Note the visual representation of larger objects — they’re blocks. The traffic cones are likely pyramids, and the humans likely cylinders, but for visual clarity, they’re given a pretty overlay. Think about this like Do Bronx — do we need to read the branding on the trousers or the make of the car to know how to avoid getting crushed by an oncoming force? When I naturally walk outside and squint, rather than allowing my brain to “correct” for the approximate shape my eye has inputted to a brain, do I really need to see every leaf on a tree to ride a bike without hitting it? Suddenly, I find myself able to do activities (or even just walk around in bright sunlight) that I never thought possible without glasses up until I had the idea to think a bit more like a Waymo car. By refactoring how I thought about blur in precise vision versus approximate vision, I can all of a sudden pick out beer bottles from across the bar that I clearly can’t read, just because I recognize the shape of it. My biggest fear used to be my glasses breaking — now, I can write this blog post without any vision aid whatsoever. It’s similar to how that old Facebook boomer meme works — your brain corrects the approximation to the familiar, recognized pattern at a blindingly fast rate, well beyond the speed of consciously working out each word.

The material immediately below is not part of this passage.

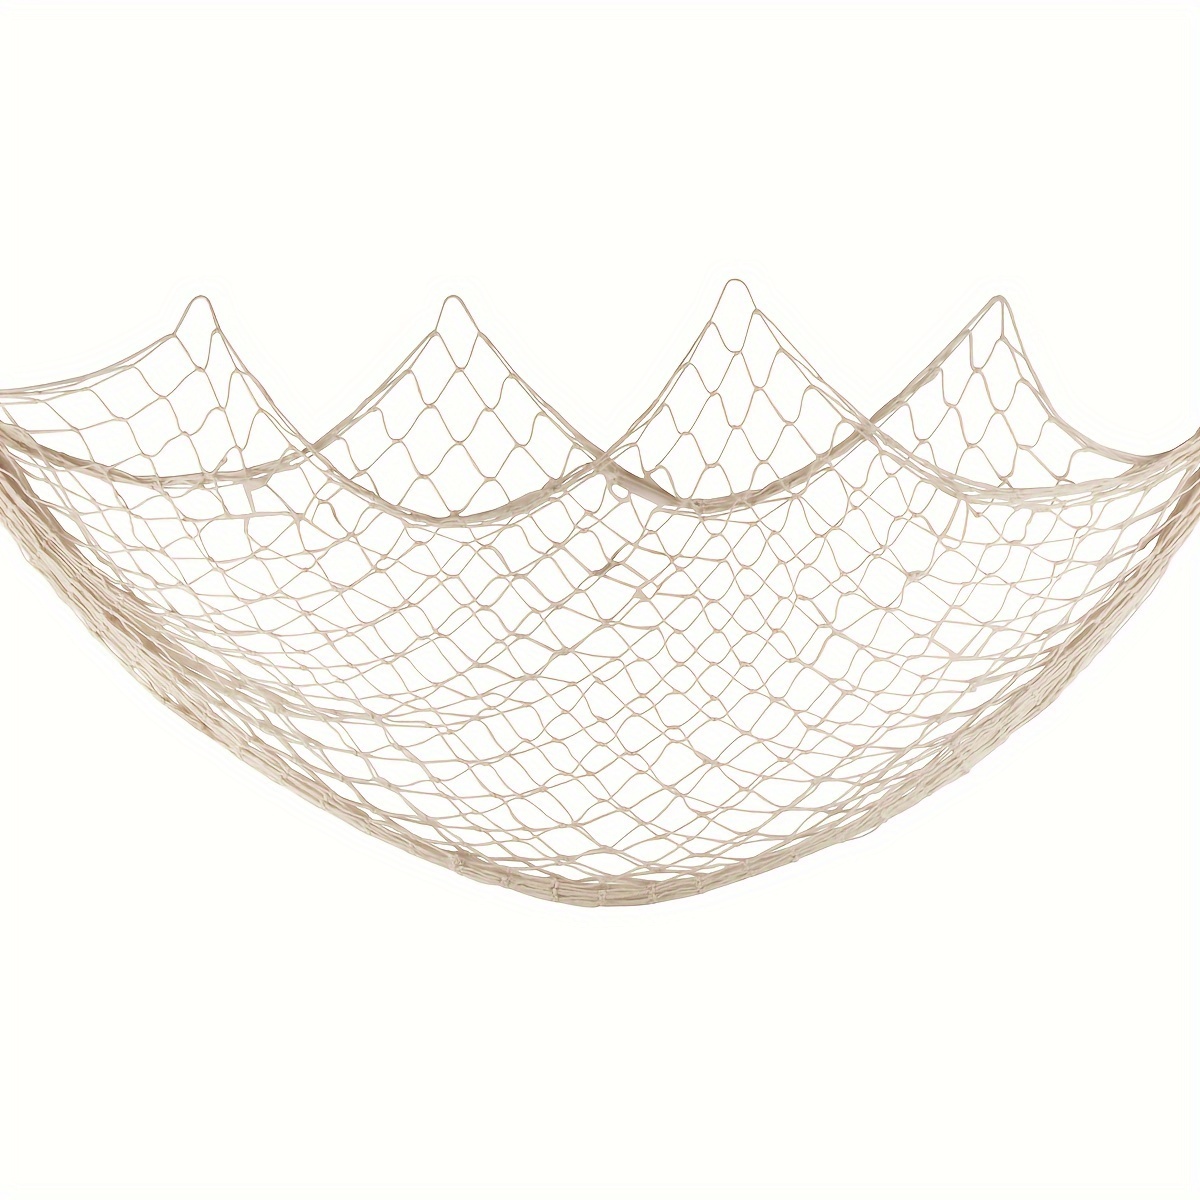 Natural Fish Net Party Decorations for Pirate Party, Hawaiian Party, N

It’s shockingly intuitive — why we can mimic AI systems in our own brain is precisely because whenever these AI systems are built, it's to incorporate how we interpret things currently to the best of our ability at the launch-point. Thus, generative text is an attempted version of coding, say, my own stream of consciousness ranting and single data point extrapolation ad infinitum. (Though I don’t need prompting, just the occasional redirect and hard stop.) Computer vision just attempts to generalize and harmonize the relationship between approximate and precise viewing and using compute to approximate the intuitive process as closely as possible (as AI problems scale with compute, not efficiency.) Even deep learning neural networks are based off of early-brain development “sponge brain” — after all, you learned your first language from scratch by immersing in it, didn’t you? When we contextualize the process in something we can grasp, we can then better apply it to our own day-to-day to streamline stuff we really ought to not bother with. AI is the biggest opportunity to exponentiate your abilities: every time you get a paradigm shift, the meta warps, but the skill tree doesn’t reset. It’s not unbiased from the previous meta. The question becomes, do we want to use this to replace what we’re good at — finding nuance quickly through little data synthesis, making esoteric connections — with a pale imitation, or do we want to scale simple processes that are extremely time consuming:
Where the human starts to unravel is when they have to put a bunch of complex processes together. Chess is a lot more than tactics, which is why people who are good at online bullet who have never played OTB likely don’t understand the full game at all. Computing power allows for all these processes to be handled simultaneously
Thus, the theoretical thinker is rewarded: an AI coding assistant turbocharges the developer with enough of the base skills and the creativity to reframe their idea of "writing code" to "designing the process with which I do it". Beyond “prompt engineering” or “productivity hacks”, the core competency becomes “how do I think systemically and translate this into precise language such that a computer designed to interpret it does what I want it to?”
Frankly, that sounds like a ton of fun, and I can’t wait for more. The game hasn’t changed — it just got more fierce.